Around 6500 years ago, a group of seminomadic warriors arose on the treeless steppes north of the Black Sea. They herded sheep and goats, and they tamed the wild horse. Their language was rich with words reflecting their pastoral way of life. When one of their warrior-chiefs died, he was buried with great ceremony under a large earth mound called a kurgan. After about 1000 years of restless existence on the barren steppes, the story goes, these nomads went in search of new grazing land, riding out of their homeland between the Dnieper and Volga rivers armed with bows and arrows, spears, and bronze daggers. Over the next 2 millennia, the horsemen swept into eastern and central Europe, Anatolia, and much of western Asia, bringing their culture and colorful language with them. Before long, the hills of Europe and Asia echoed with the gallop of horses' hooves and the strongly enunciated vowels and consonants of a new language, which linguists today call Proto-Indo-European (PIE).
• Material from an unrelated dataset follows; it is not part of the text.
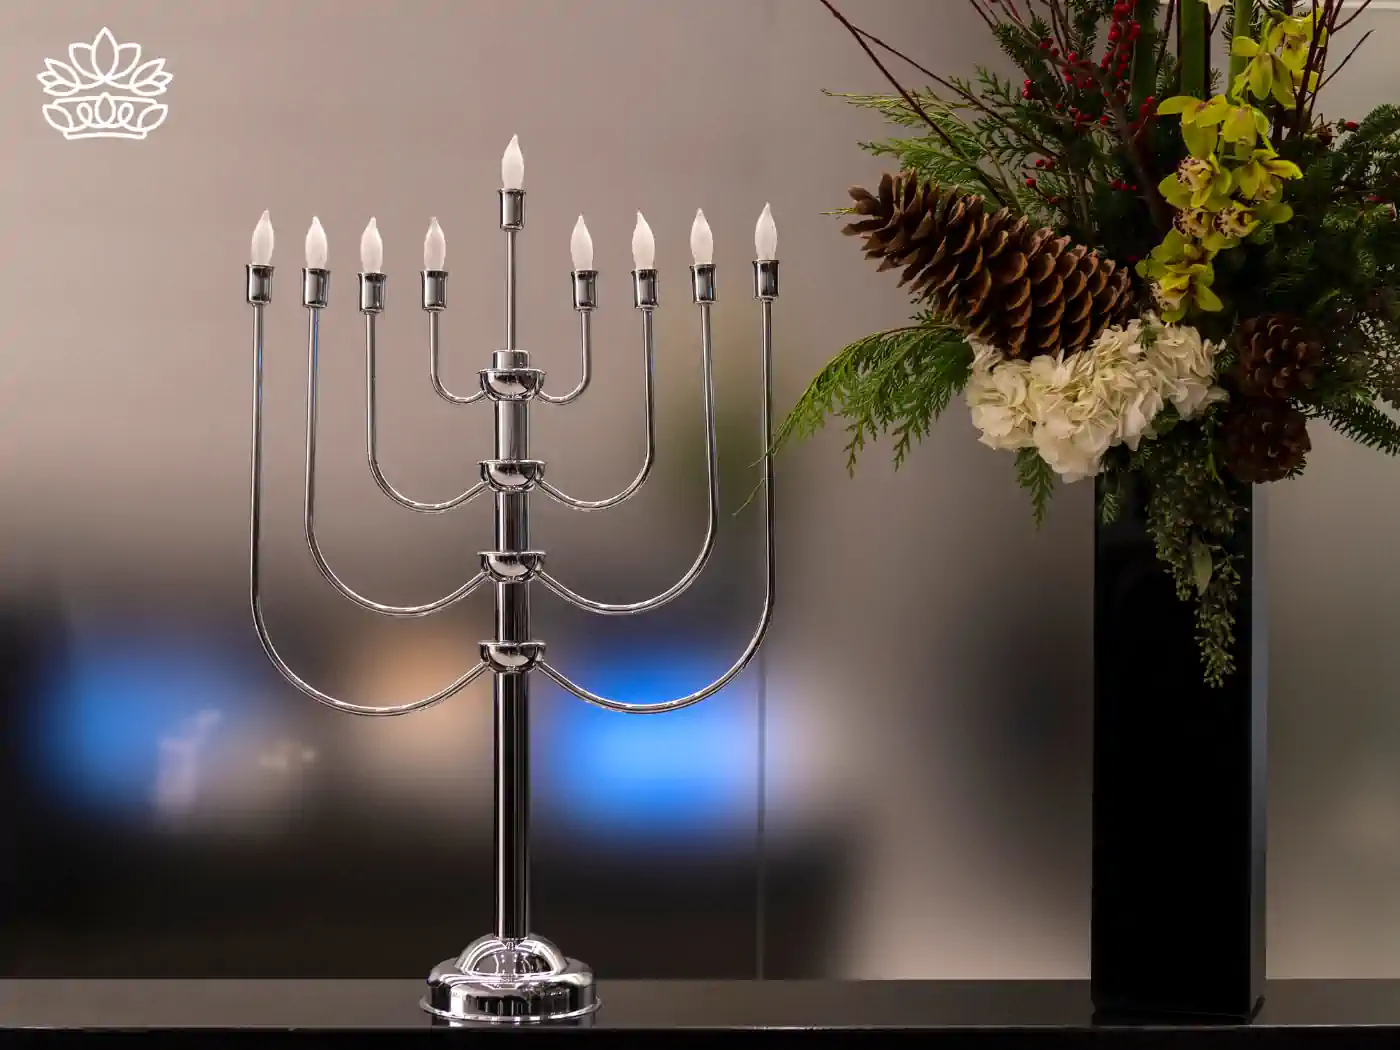 A modern silver menorah with all nine candles lit, placed next to a vase with a festive floral arrangement including pinecones and green foliage. Fabulous Flowers and Gifts - Hanukkah Flowers.

The "Kurgan hypothesis," as this dramatic account of the spread of the IndoEuropean language family during the Early Bronze Age is known, was the dominant paradigm among linguists and archaeologists during much of the 20th century. It is most closely associated with the late Marija Gimbutas, an archaeologist at the University of California, Los Angeles, whose visions of prehistory were often filled with romantic pageantry. She argued that the Kurgans overrode existing matriarchal, Mother Goddessworshipping societies, imposing their warrior religion as well as their patriarchal culture throughout Europe and western Asia. But the theory caught on for much more pragmatic reasons: It seemed to solve the long-standing mystery of the origins of IndoEuropean, a closely related group of 144 tongues that today are spoken on every continent. The family includes English as well as all of the Germanic, Romance, Slavic, Indian, and Iranian languages (see tree diagram).
In 1973, however, Cambridge University archaeologist Colin Renfrew proposed that the driving force behind the propagation of the Indo-European languages was not the fast gallop of horses' hooves but the slow adoption of farming. Renfrew argued that the gradual expansion of the agricultural way...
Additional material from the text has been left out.